Cory Doctorow Profile picture
May 16 42 tweets 9 min read
As theories of change go, consumerism sounds great. "Voting with your dollars" cuts out the middleman: rather than voting for a politician and hoping they do the right thing, you can reward good companies by buying their products (and punish bad ones with boycotts). 1/ A blurred image of a woman ...
If you'd like an essay-formatted version of this thread to read or share, here's a link to it on pluralistic.net, my surveillance-free, ad-free, tracker-free blog:

pluralistic.net/2022/05/16/thr… 2/
But voting with your dollars has limits. First: you can't shop your way out of monopoly capitalism. If Walmart's predatory pricing and fat tax breaks let it drive every store in town out of business, you're stuck. Every other business in town went bust, and you need stuff. 3/
Next: dollars are not evenly distributed. In a country where most of us can't afford a $400 medical emergency, the flow of dollars to a business is no marker of democratic legitimacy. A million normies' boycott is overridden by a single billionaire, washing away those "votes." 4/
There's another defect, though, that's a little less obvious. When you stop voting with your ballots and start voting with your dollars, then the companies that get your dollars can capture your political representatives (this is even easier if the company has a monopoly). 5/
Once the political system is on the company's side, you lose the ability to vote with your dollars, too.

Like, say a company claims that it is "good for the environment" and thus deserves your dollar-votes.

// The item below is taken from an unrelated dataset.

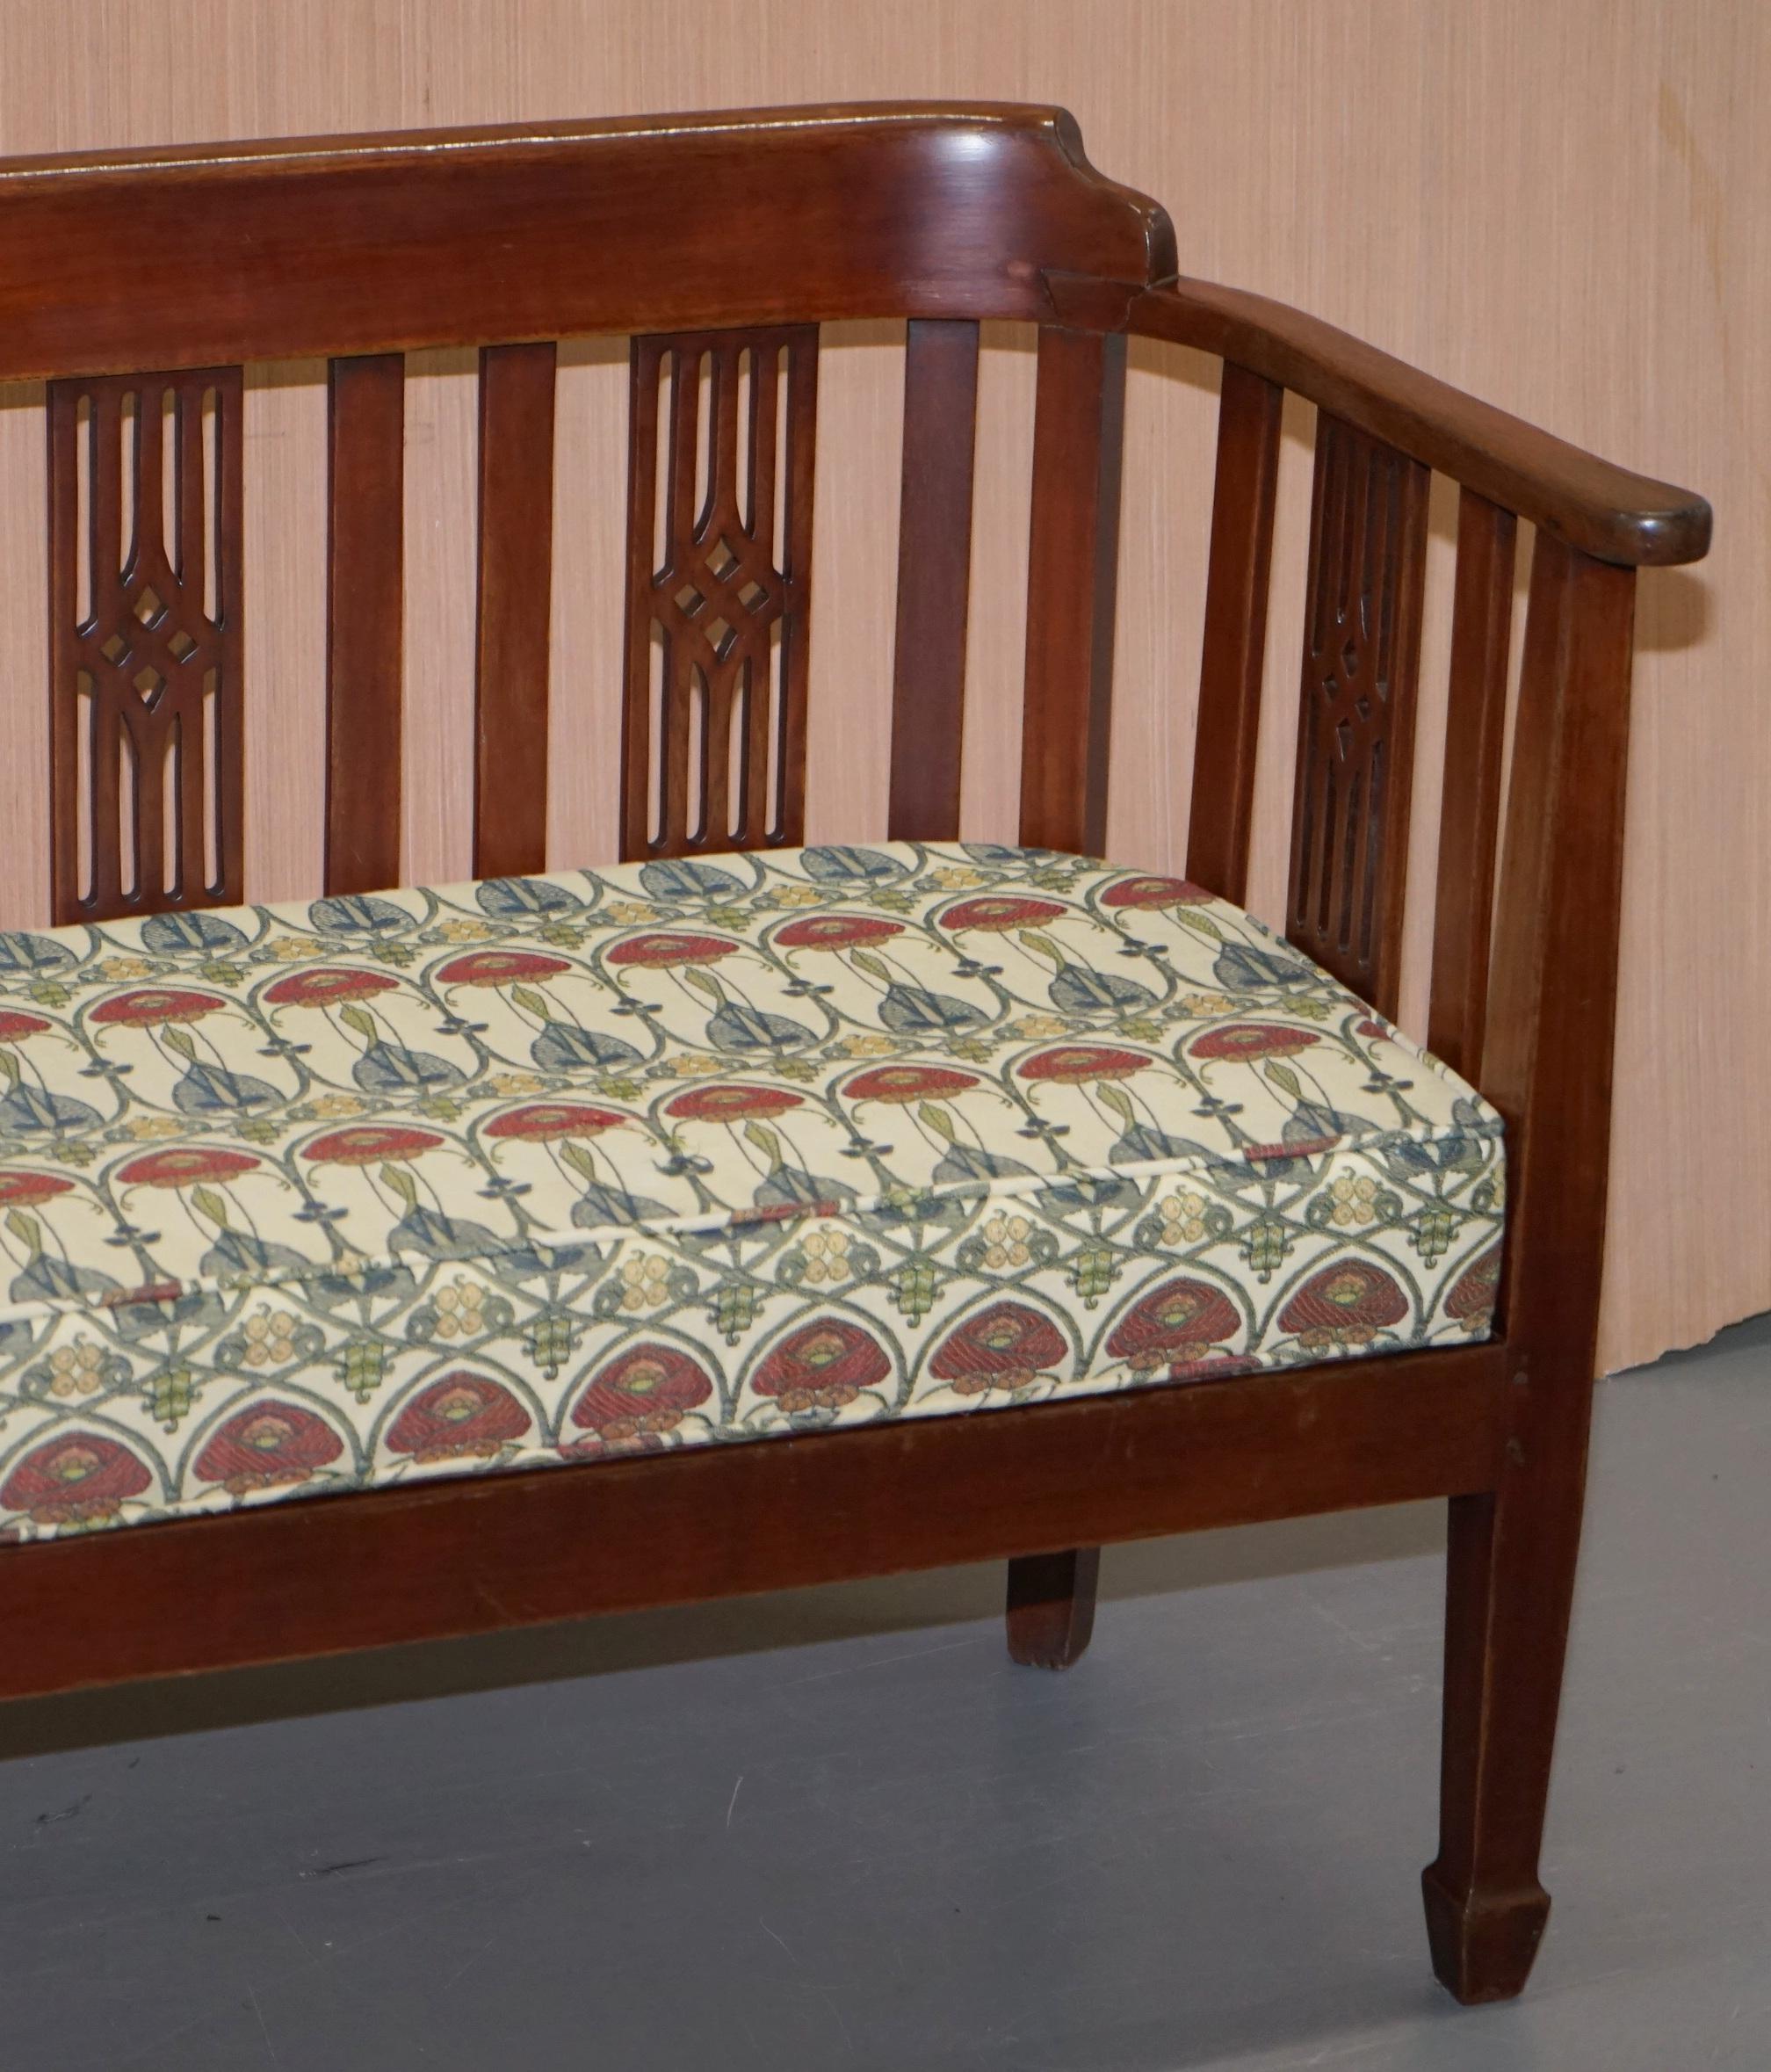 English Charles Rennie Mackintosh Art Nouveau upholstered 2 seat bench sofa berger seat

How do you know they're telling the truth? 6/
Maybe they're like the "green" credit card @Aspiration ("Make your dollars make a difference") whose claim of planting 35 million trees is just a lie:

propublica.org/article/the-ce… 7/
Aspiration's 35 million trees includes "the cumulative total of to-be planted trees" which its "partners" will plant. But the partners' numbers don't match Aspirations' numbers. 8/
And some partners won't give you the numbers, because they're a *secret.* I'm guessing they're not keeping it a secret because they're done really well and don't want to spoil the surprise when they reveal their tree data. 9/
Or take carbon offsets. In theory, you can board a jet, buy an SUV, or run your backyard patio-heater and still not hurt the planet, merely by buying enough carbon offsets to incentivize companies to scale back their emissions. In theory. 10/
In practice, carbon offsets are also lies.

pluralistic.net/2022/03/11/a-m…

Companies - and even charities like the Nature Conservancy - get millions in carbon offsets by promising not to log forests that no one was allowed to log in the first place. 11/
They get offsets for not logging forests that have burned down. If an offset fights climate change, it's purely coincidental.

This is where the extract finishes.